Today, Facebook privacy generally refers to who can and cannot view your content and personal information. It also extends to how Facebook and its partners can collect and use your data. 

Note that there is no single “private mode” switch on Facebook. Instead, you’ll need to adjust multiple settings – posts, profile, search visibility, tagging, and more – to achieve your desired level of privacy. 

For many settings, like your profile information and posts, Facebook lets you decide who can view them: 

  • Public: Anyone on or off Facebook
  • Friends of friends: Your Facebook friends and their friends
  • Friends: Your Facebook friends only
  • Friends except…: Exclude specific friends from seeing your information
  • Specific friends: Only show your information to certain friends
  • Custom: Create custom lists and include or exclude them from viewing your information
  • Only me: Only you can see the information

Naturally, “only me” is the most private option – but Facebook is a social network, so it stands to reason that you’ll want to share some of your content with some people. That means curating custom lists might be the best balance, since it gives you the most control over who sees what. 

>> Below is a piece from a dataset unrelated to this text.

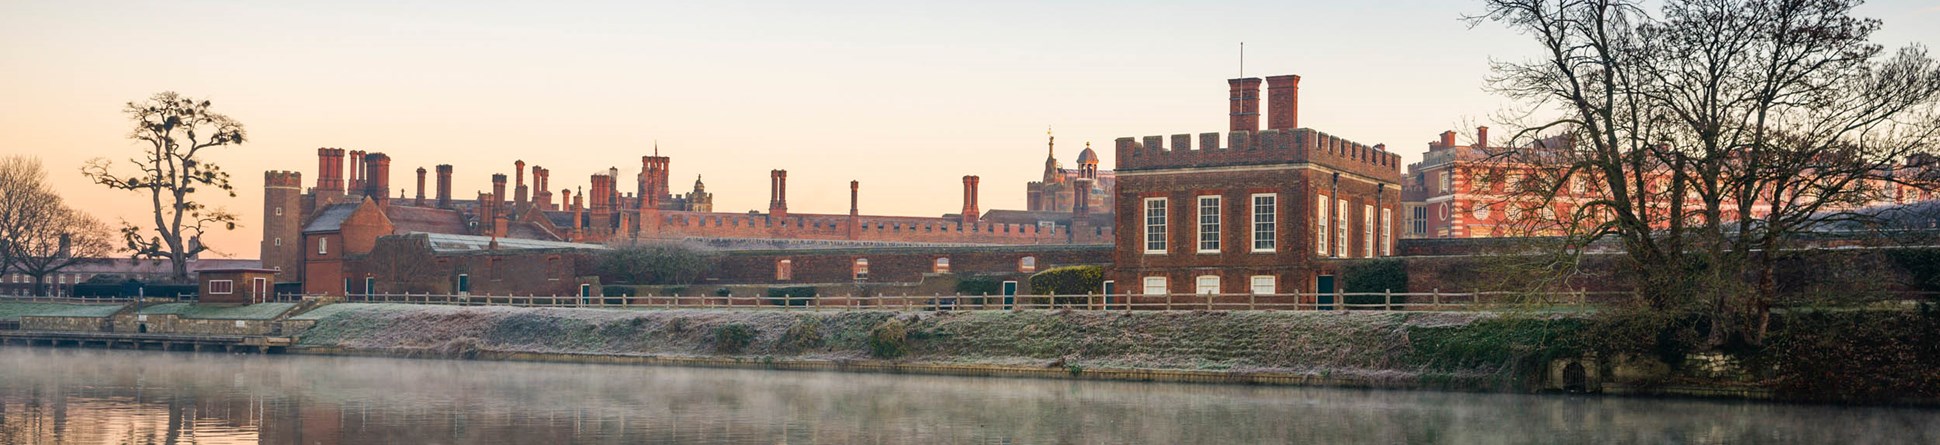 The Banqueting House and Hampton Court Palace with mist rising from the River Thames on a cold morning in the foreground.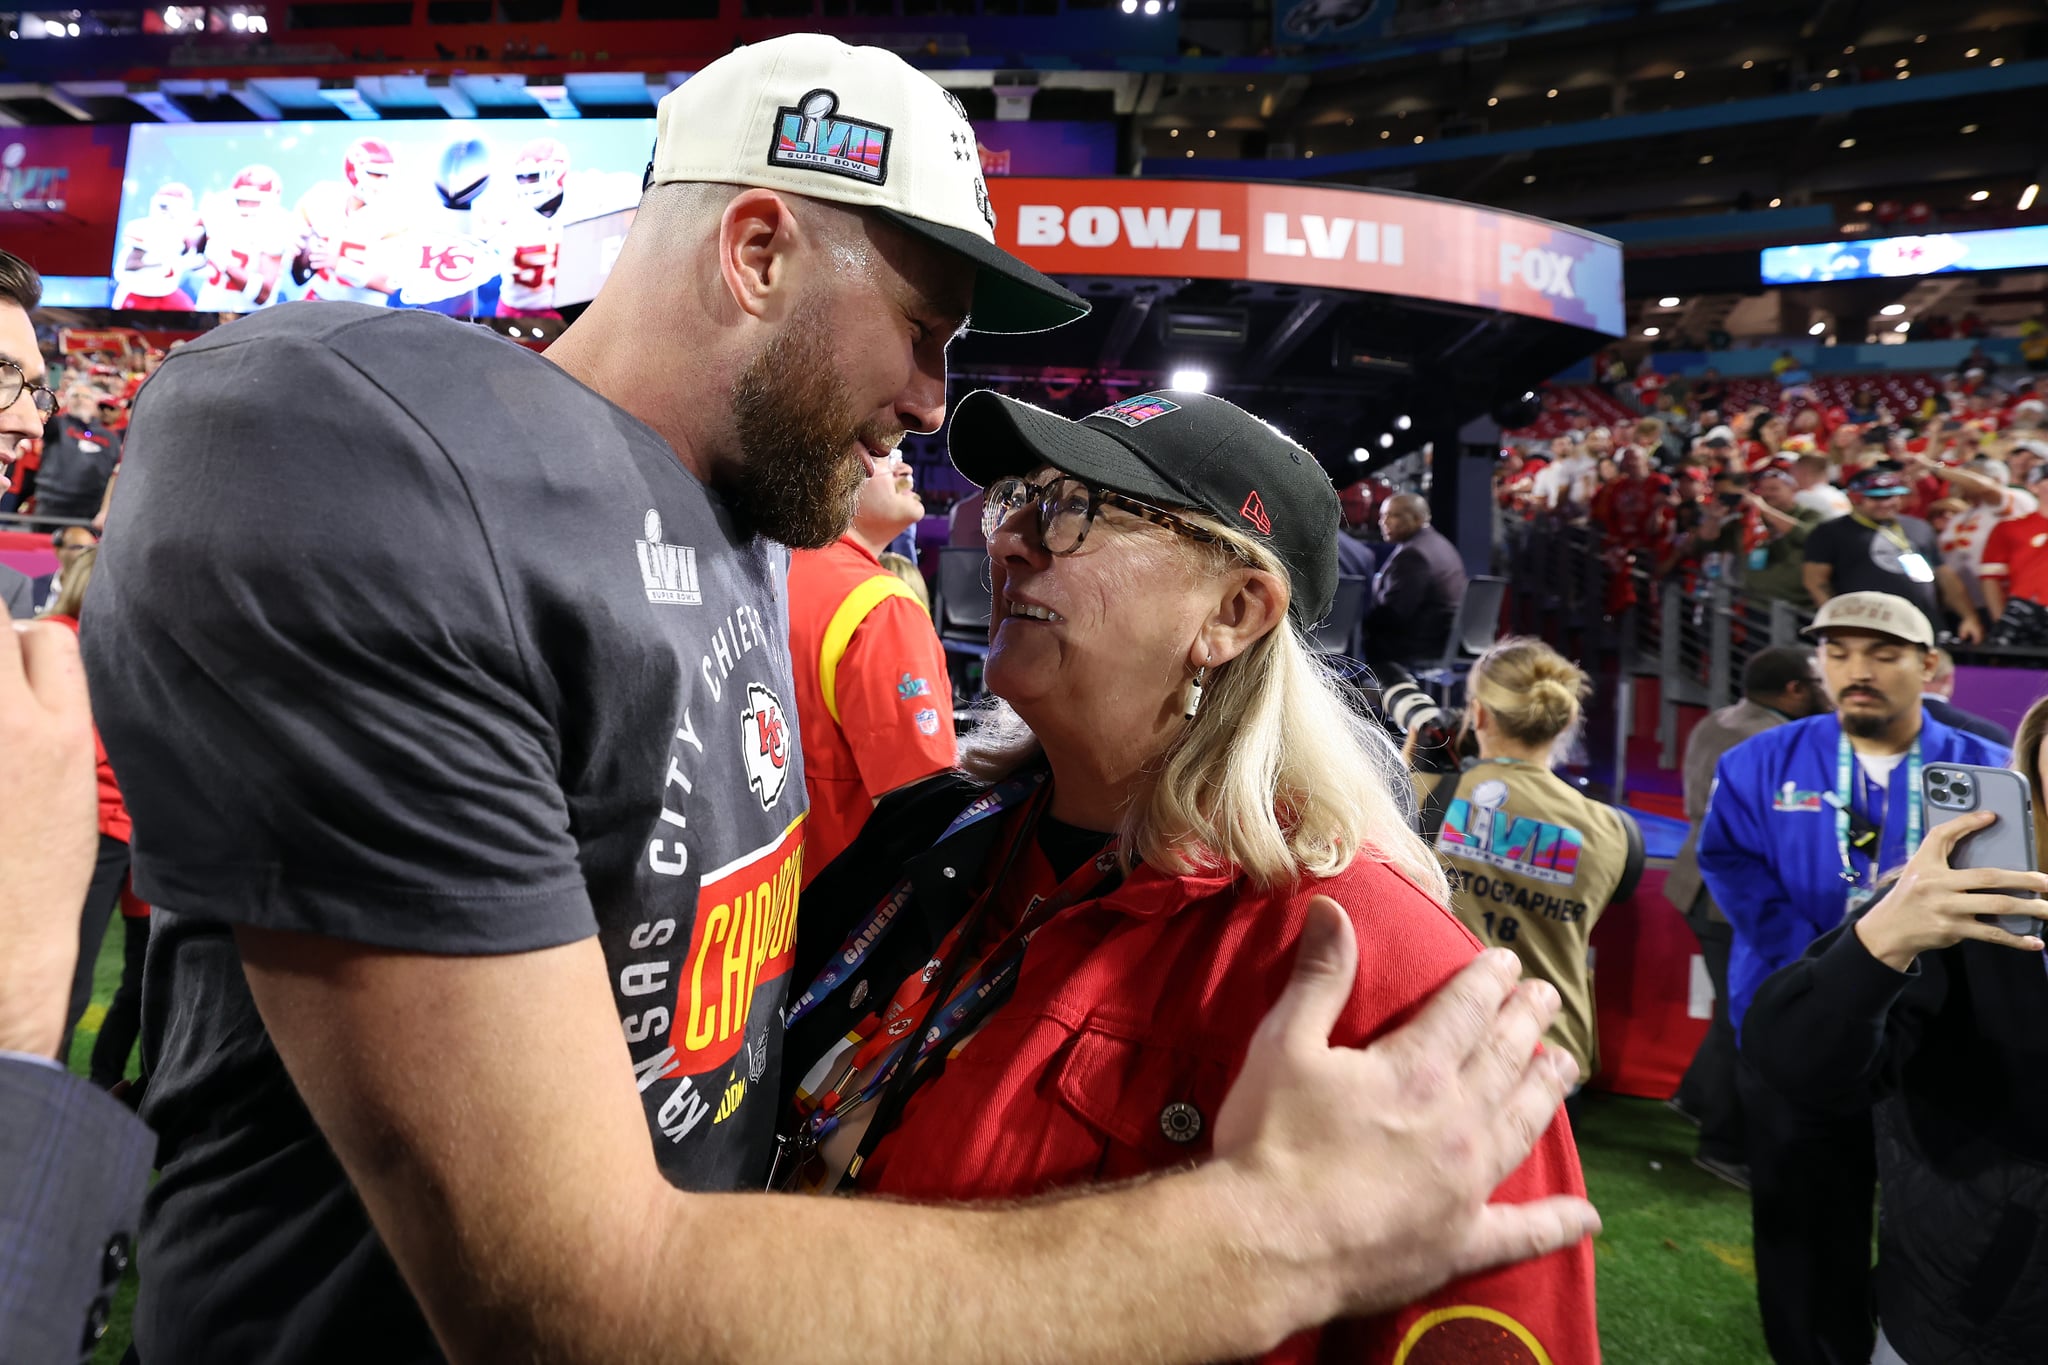 GLENDALE, ARIZONA - FEBRUARY 12: Travis Kelce #87 of the Kansas City Chiefs celebrates with Donna Kelce after defeating the Philadelphia Eagles 38-35 in Super Bowl LVII at State Farm Stadium on February 12, 2023 in Glendale, Arizona. (Photo by Christian Petersen/Getty Images)

What you can and can’t hide on Facebook

While Facebook’s privacy settings give you a lot of control over who can view your information, some things can’t be hidden from public view. Here’s a quick breakdown. 

What you can hide on FacebookWhat you can’t hide on Facebook
Past and future posts

Posts you’re tagged in (on your profile)

Friends list (except mutual friends)

Followers (except mutual friends)

Your activity, including page and comment activity

Location

Search engine visibility (whether your profile can be found on Google, Bing, and other search engines)

Profile information (birthday, relationship status, work history, education, hometown, current city, email, phone number, check-ins, and life events)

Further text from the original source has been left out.